2. The method of claim 1, wherein the transducer comprises an ultrasound transducer.

3. The method of claim 1, wherein step (a) comprises applying the shear waves as counter-propagating shear waves from two of said locations.

4. The method of claim 3, wherein the transducer is located between said two locations.

5. The method of claim 1, wherein the plurality of frequencies comprise frequencies within a range of 60 to 400 Hz.

6. A probe for non-invasive assessment of fat in a liver of a patient, the probe comprising:

a plurality of actuators for applying shear waves to the liver from a plurality of locations to cause the shear waves to interfere in the liver, the shear waves optionally having a frequency offset to create crawling waves in the liver; and

a transducer for detecting the interfering waves and for outputting a signal representing the crawling waves to a processor.

7. The probe of claim 6, wherein the transducer comprises an ultrasound transducer.
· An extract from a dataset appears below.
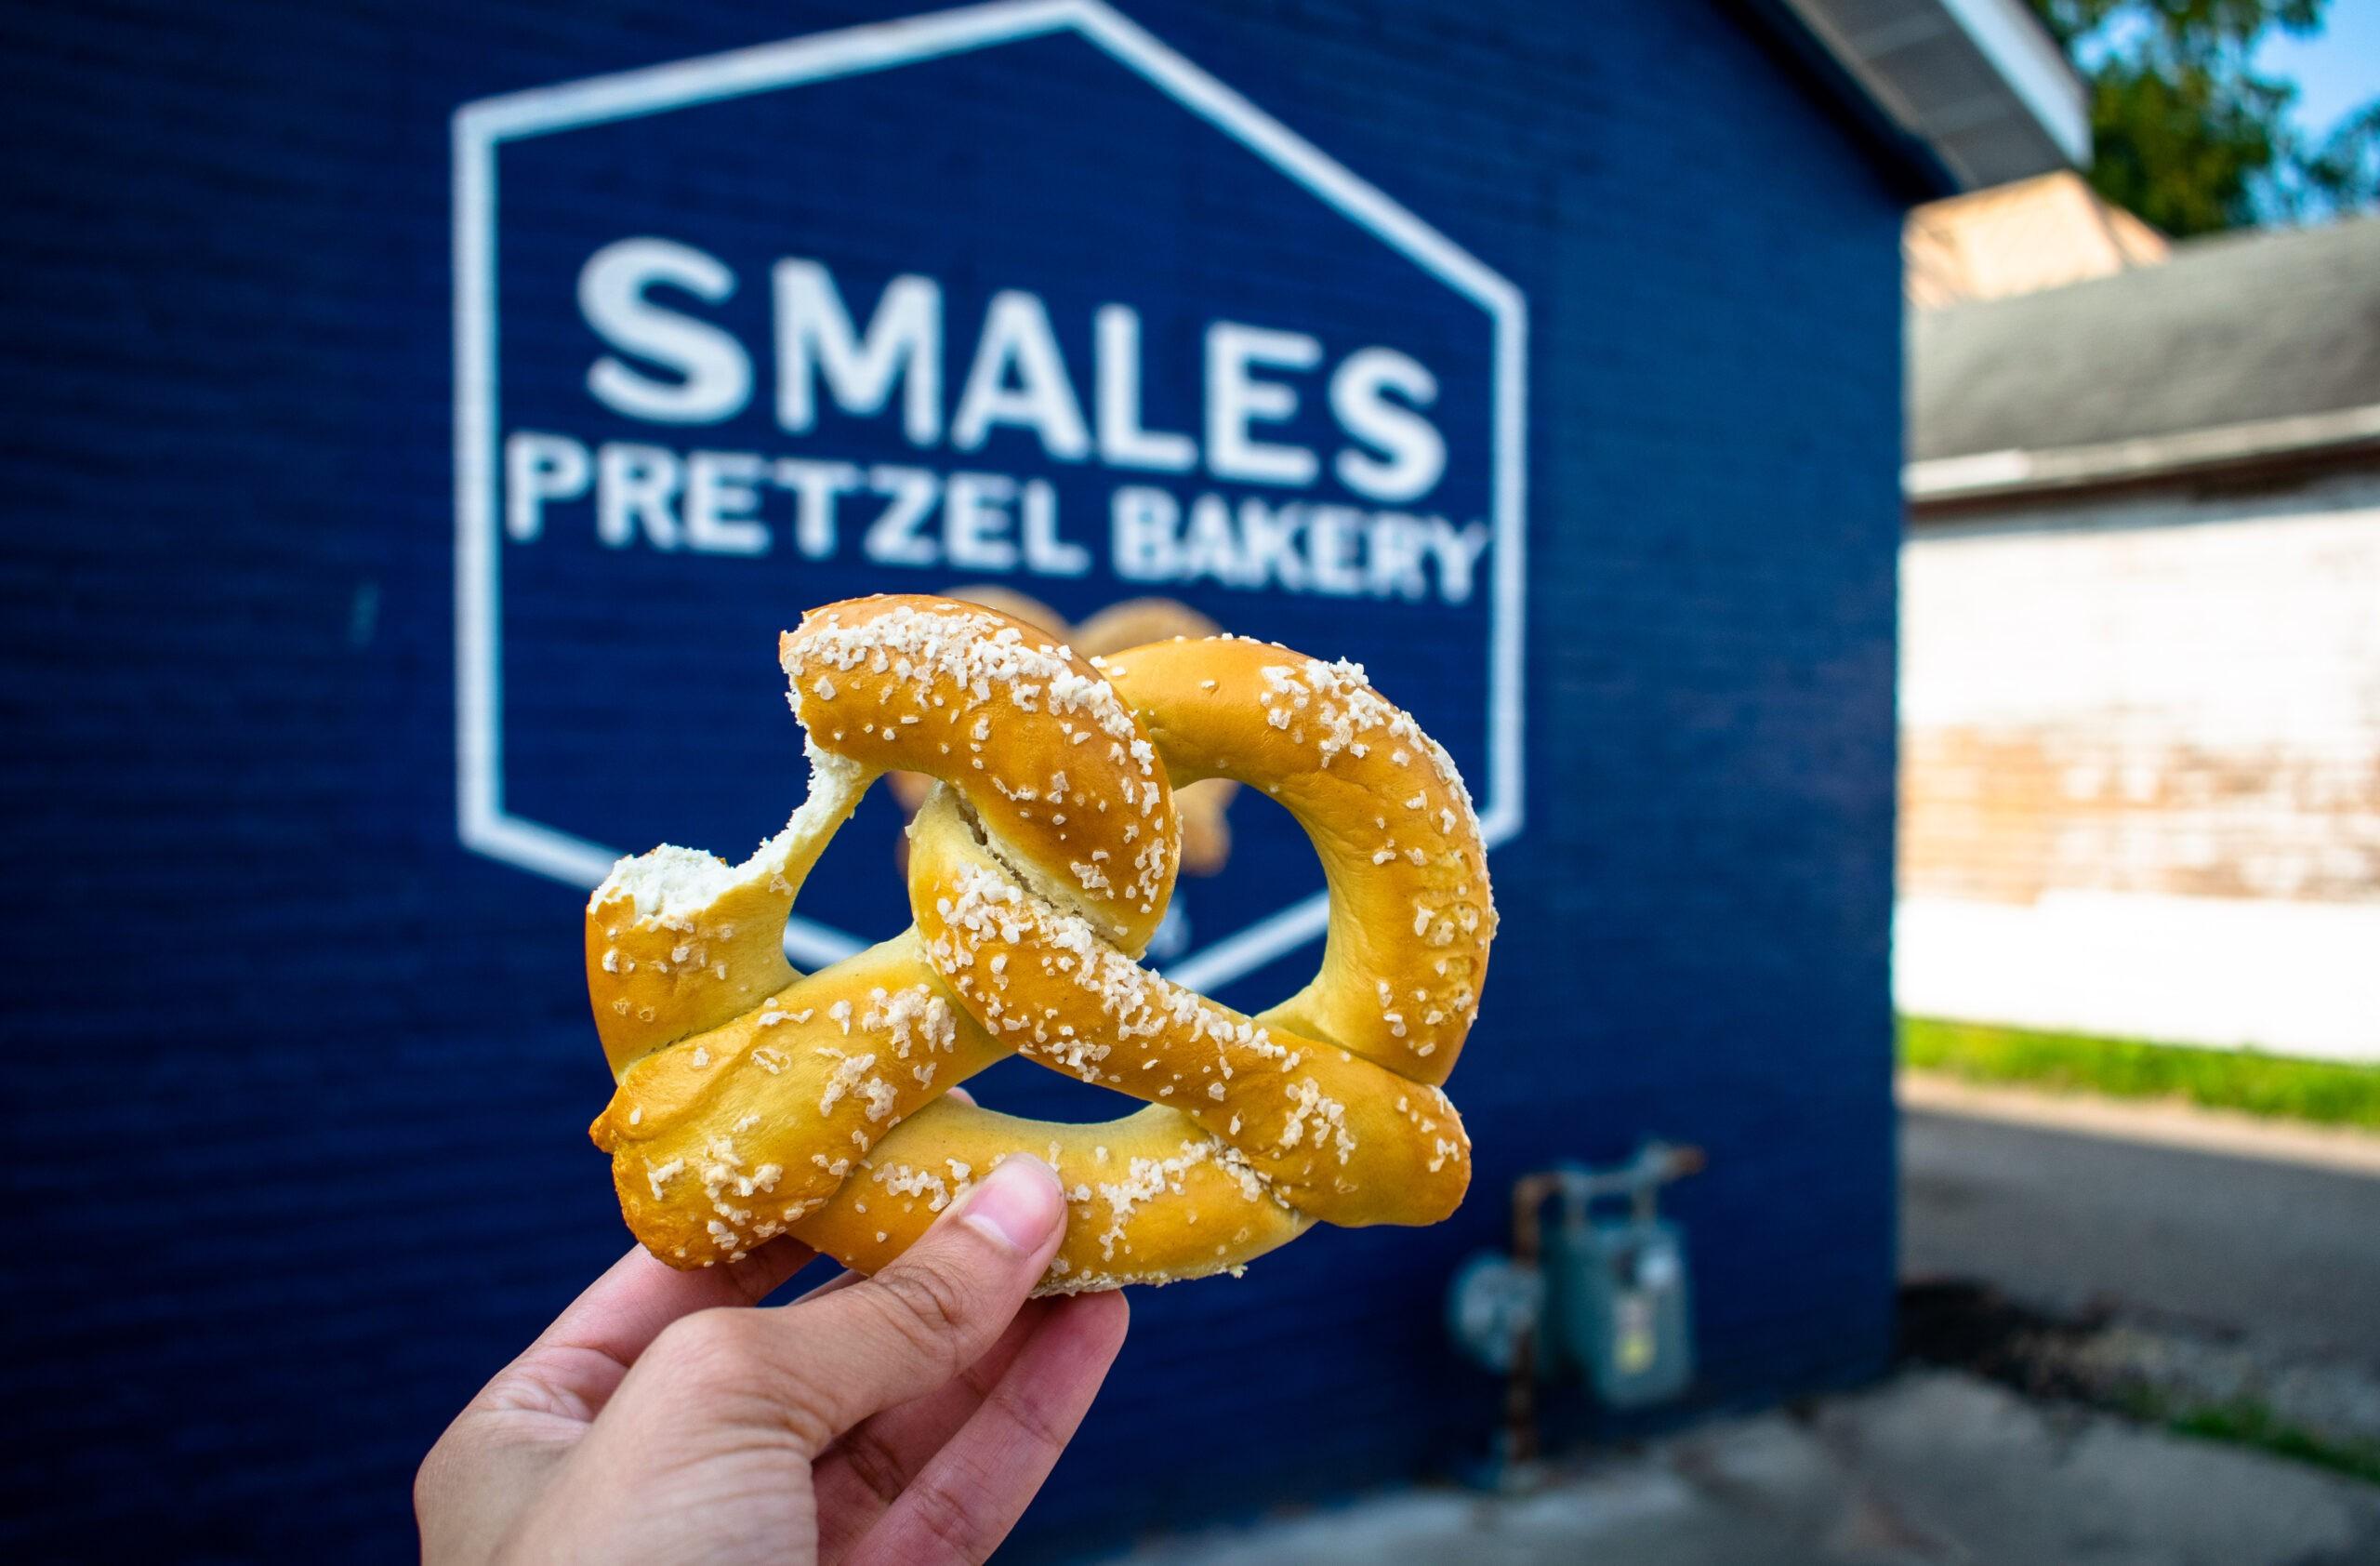 Smales Pretzel Bakery

8. The probe of claim 6, wherein the transducer is disposed between two of said actuators.

9. A system for non-invasive assessment of fat in a liver of a patient, the system comprising:

a plurality of actuators for applying shear waves to the liver from a plurality of locations to cause the shear waves to interfere in the liver, the shear waves having a frequency offset to create interfering waves in the liver;

a signal generator for controlling the plurality of actuators to apply the shear waves over a plurality of frequencies of the shear waves;

a transducer for detecting the crawling waves and for outputting a signal representing the interfering waves;

a processor, connected to the transducer to receive the signal, for analyzing the interfering waves to determine a dispersion of a speed of the shear waves; and

an output for outputting a result of analysis from the processor.

10. The system of claim 9, wherein the transducer comprises an ultrasound transducer.

11. The system of claim 9, wherein the actuators are configured to apply the shear waves as counter-propagating shear waves from two of said locations.

12. The system of claim 11, wherein the transducer is located between said two locations.

13. The system of claim 9, wherein the signal generator is configured such that the plurality of frequencies comprise frequencies within a range of 60 to 400 Hz.